Prime Minister Harper’s _strategic_ challenge is to preserve Canada’s influence as we are, roughly, elbowed aside by bigger players. We have, slowly but surely, slipped our of the global “Top 10” (we haven’t _slipped_ as much as we have been passed) but we are, firmly, in the “Top 10*%*” and we are likely to remain there for a long, long time. We need a place at the table, and the world *needs* us at the table – the right place, a respected place, at the right table, but it might not be at the head table any more.


----------



## a_majoor (23 Sep 2009)

Many of these arguments have been brought up in the past in other threads, and I will re raise an objection to the various "G" groups; do the mambers share common interests with Canada?

Even the G-8 is not truely representative of our interests, outside of the obvious inclusion of Russia. Canada was only invited in the first place by the United States, which wanted a North American couterweight to the heavily Eurocentric composition of the initial group.

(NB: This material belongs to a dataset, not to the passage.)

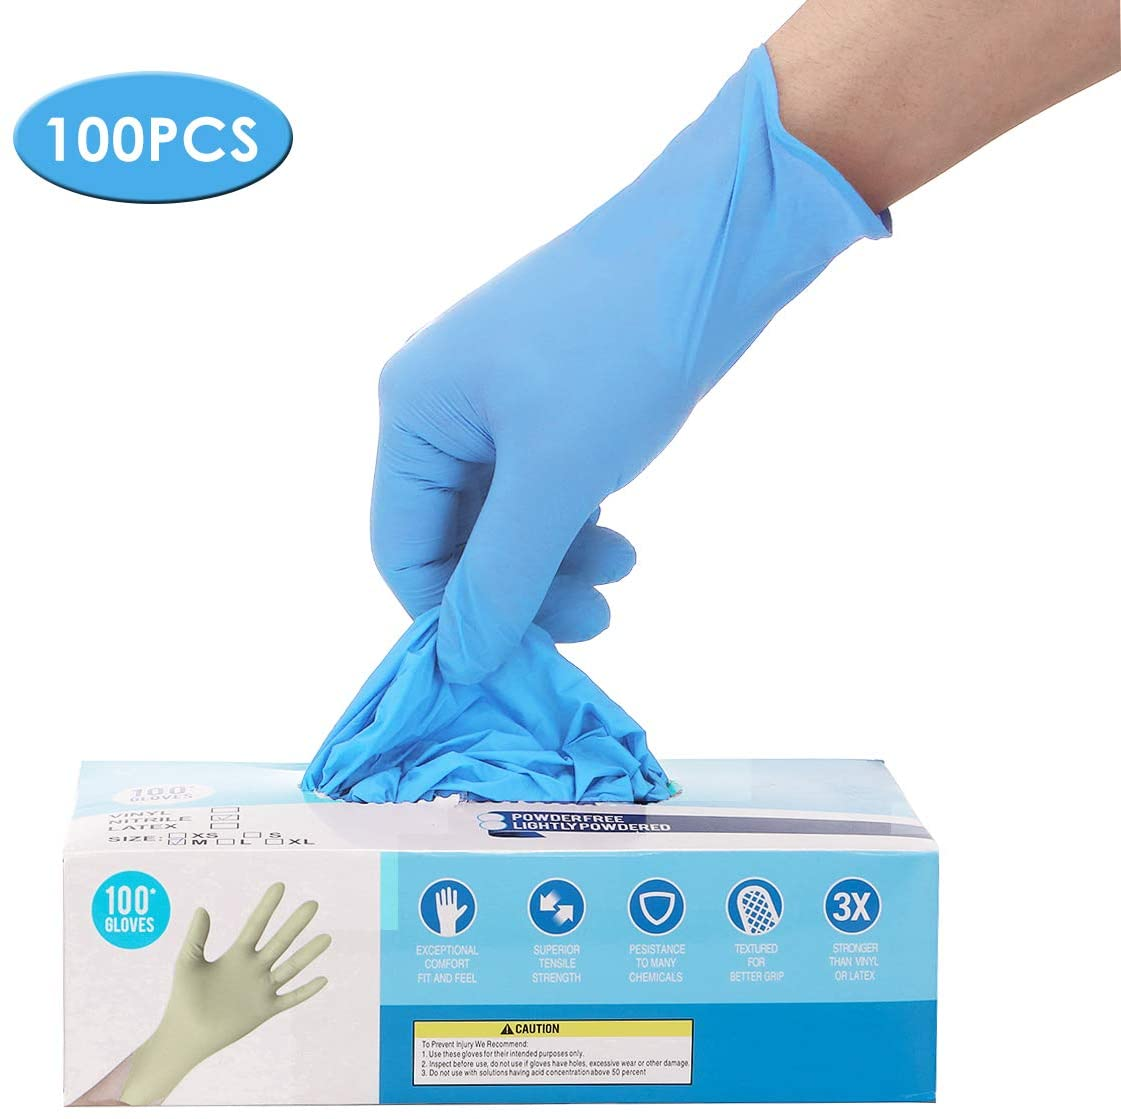 IPRee® 100 Pcs Nitrile Disposable Gloves Powder Free Rubber Latex Free Sterile Gloves for Picnic Food Hygiene House Cleaning

Then, as now, Canada did not have the military, political or economic clout to be a member on her own merits (indeed, as Edward has pointed out, we have been passed by other, more dynamic economies).

I would think that for many purposes "tiger teams" of like minded nations can rapidly assemble for particular tasks (the US, Australia and Japan put together an outstanding response to the Tsunami), and like minded groupings like the putative "Anglosphere" or a "Concert of Democracies" would be fare more representative and effective places to promote and cultivate _our_ interests.


----------